Notice that in both cases we get correct results on a task that the model couldn't perform before. This really shows the power of prompting models correctly and with the task in mind.

**Temperature and inconsistent results**

Even after careful optimization of our LLM prompting, we often obtain different results when running our prompts more than once. These inconsistencies can range from small word differences to a different result altogether. This possibility of a very different output between runs results from the autoregressive way in which these models are run - if a single word is chosen differently, that word will affect all predictions of future words.

To control the randomness of these models, API providers often provide a few tunable parameters. The most used of these is usually **temperature**, which controls the randomness in the token generation. With a temperature of 0 you will usually get (almost) deterministic results, and with a very large temperature you will get pure gibberish and randomness.

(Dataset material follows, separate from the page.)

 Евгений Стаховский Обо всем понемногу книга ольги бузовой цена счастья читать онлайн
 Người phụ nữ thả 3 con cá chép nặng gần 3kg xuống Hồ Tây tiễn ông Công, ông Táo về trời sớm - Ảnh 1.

When results are inconsistent in a way that affects the outputs drastically, we can use a few prompting techniques to help us use this randomness in a way that can help us:

**Self-Consistency**

Self-consistency is used to mitigate inconsistencies by running the same prompt more than once with a non zero temperature, collecting these results and choosing the right option by defining a merging strategy: for categories it can be done with majority vote and for numbers an average can be used.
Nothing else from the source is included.